Consider the case $$p = 1$$, Then $$Vert R Vert_1 ge m$$, Take this for some $$alpha> 0$$that scales $$l_p$$ standard $$m ^ {- alpha} Vert R Vert_1$$ almost certainly or with a likelihood that tends to $$1$$ lies in a compact interval, say, $$(a, b)$$, What can be said about it? $$Pr ( vert m ^ {- alpha} vert R vert_1 – mathbb {E} (m ^ {- alpha} vert R vert_1) vert> t)$$ for a solid $$t> 0$$ when $$m$$ is great (and $$n$$ satisfies a relationship with $$m$$), from where $$mathbb {E}$$ means expectation?

Specialization in Gauss $$x$$:

If $$x$$ followed by a Gaussian distribution, then every entry $$r_ {ij}$$has as Pearson correlation coefficient an explicit boundary distribution and the covariance between $$r_ {ij}$$ and $$r_ {jk}$$ is given by JH Steiger's article here (https://psycnet.apa.org/record/1980-08757-001). These results were also provided by Pearson and Filon (and Steiger's article cited these results). However, the notations of Pearson and Filon are very outdated (compared to modern notations) and difficult to digest.

to study $$m ^ {- alpha} Vert R Vert_1$$ and its concentration properties, and in particular to show the SLLN for $$m ^ {- alpha} Vert R Vert_1$$ We need the covariance between the absolute values ​​of $$r_ {ij}$$ and $$r_ {jk}$$we need $$mathsf {cov} ( vert r_ {ij} vert, vert r_ {jk} vert)$$ This then requires the joint distribution of $$r_ {ij}$$ and $$r_ {jk}$$I'm not able to find an existing formula (and its derivation will be very tedious and cumbersome).

Specialized questions and experiments:

Does anyone know the common distribution of $$r_ {ij}$$ and $$r_ {jk}$$? Attention: You should not try the common distribution of $$r_ {ij}$$ and $$r_ {jk}$$ using the distribution of $$R$$ when $$x$$ is Gausssch (though in this case $$R$$ has an analytical density that includes its determinant), because it causes more chaos than the direct calculation of covariance using a threefold normal distribution.

## Probability Distributions – Bound to the central moments of a \$ chi ^ 2_d \$ r.v.

To let $$d geq 1$$, and $$X$$ be a chi square r.v.

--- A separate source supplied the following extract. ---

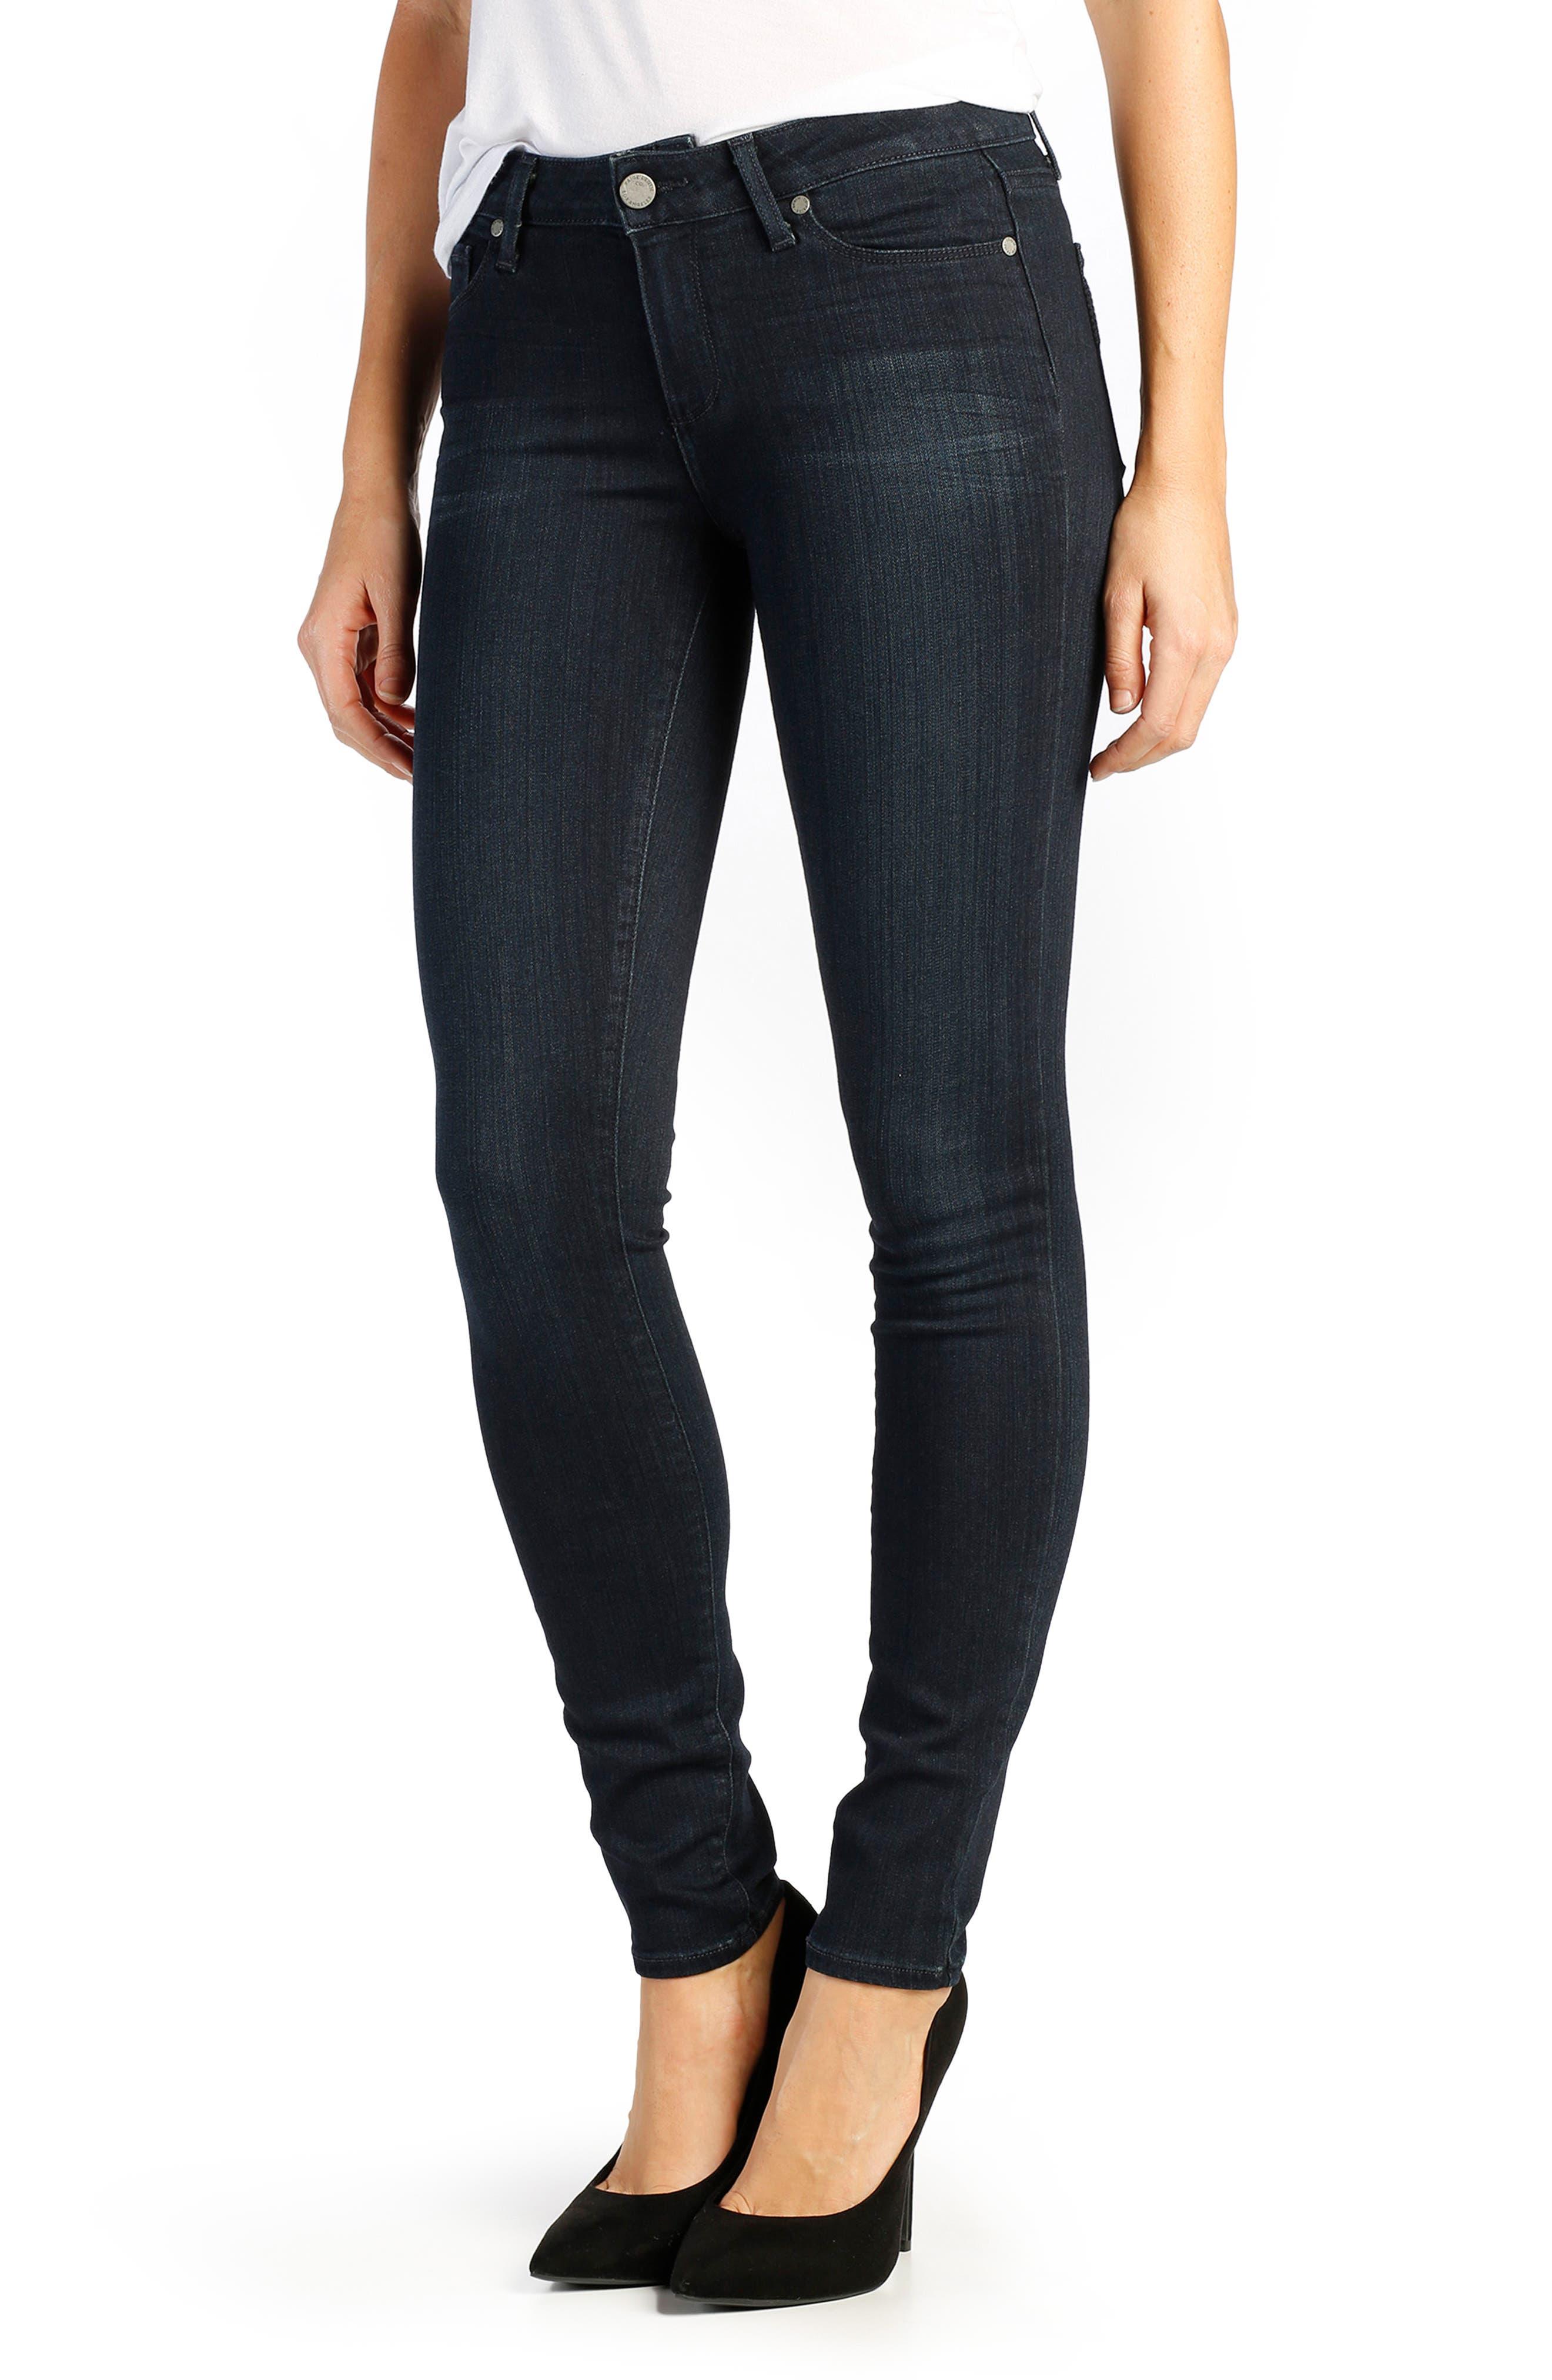 PAIGE Transcend - Verdugo Ultra Skinny Jeans (Total Mona)
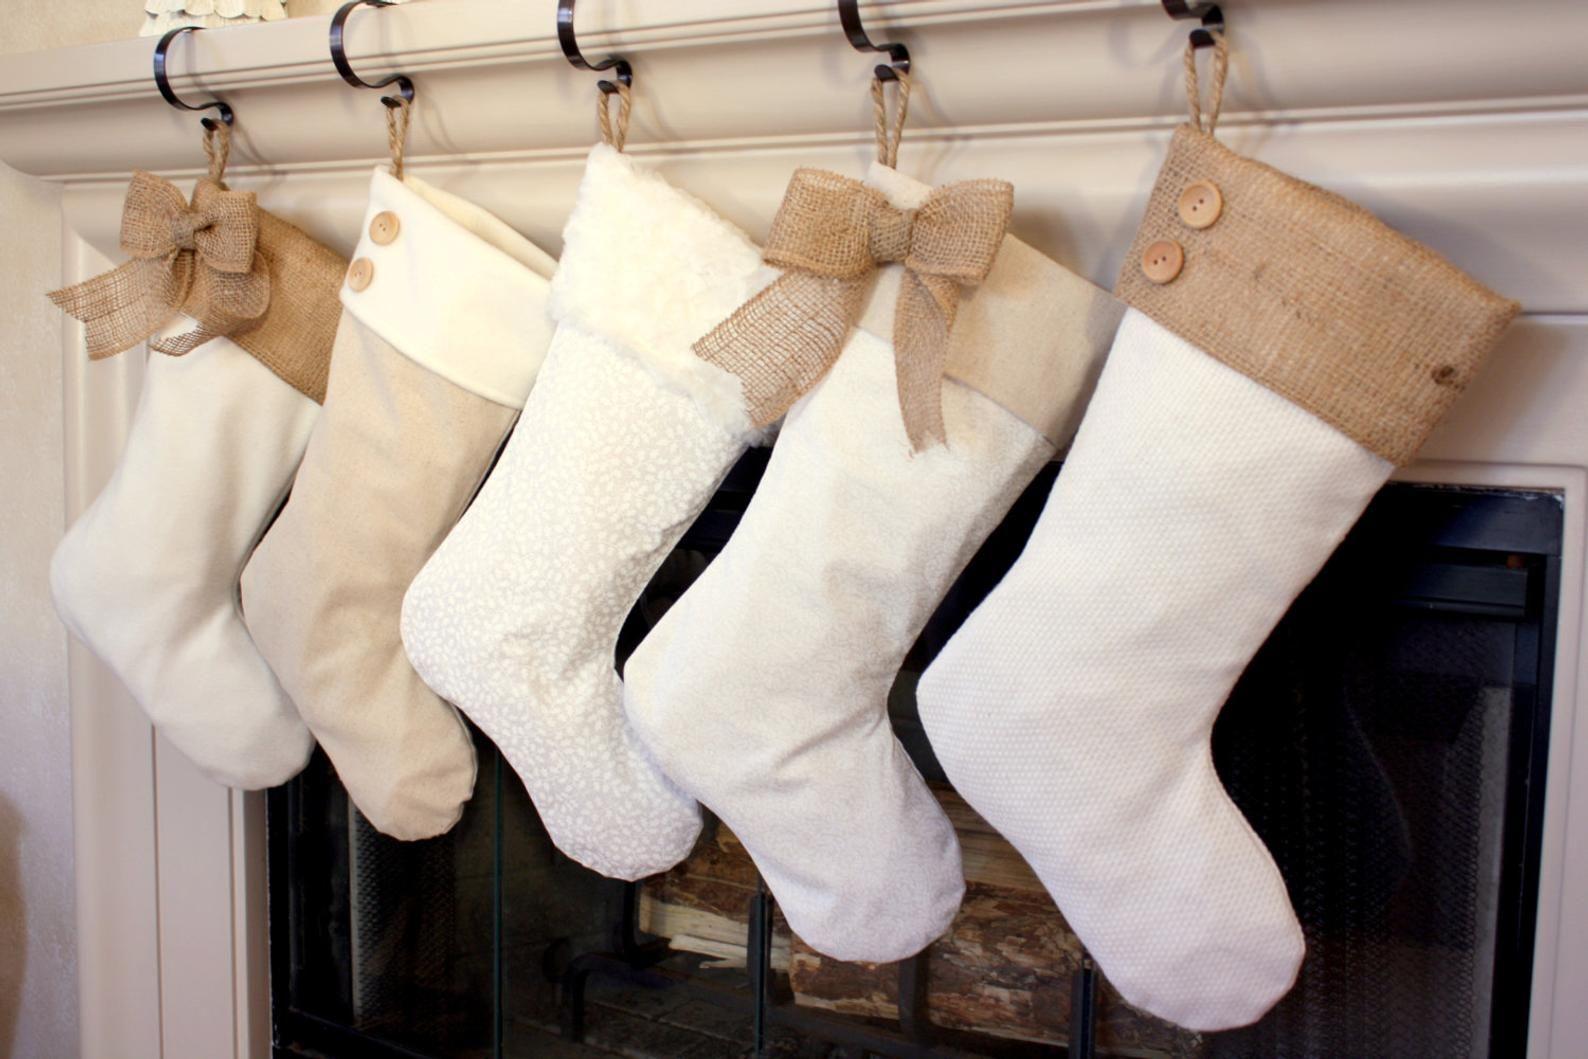 Christmas Burlap Stockings CHOOSE TWO 2 The Classic Cream Line-  Burlap Stockings

With $$d$$ Degrees of freedom. For an integer $$k geq 1$$I would like to get a bond on the $$k$$-th central moment of $$X$$i.e.
$$mathbb {E} ((X-d) ^ k) leq C cdot (k!) ^ k tag {1}$$
for an absolute constant $$C> 0$$, I think I can prove it by combining properties of sub-exponential r.v.s with $$C = 1/4$$, Is there a more direct proof?

(Maybe I've made a mistake, in this case, the best bond that can be achieved in (1).) Also, I would still be glad if $$C$$ is replaced by $$C ^ k$$if the proof is simple.)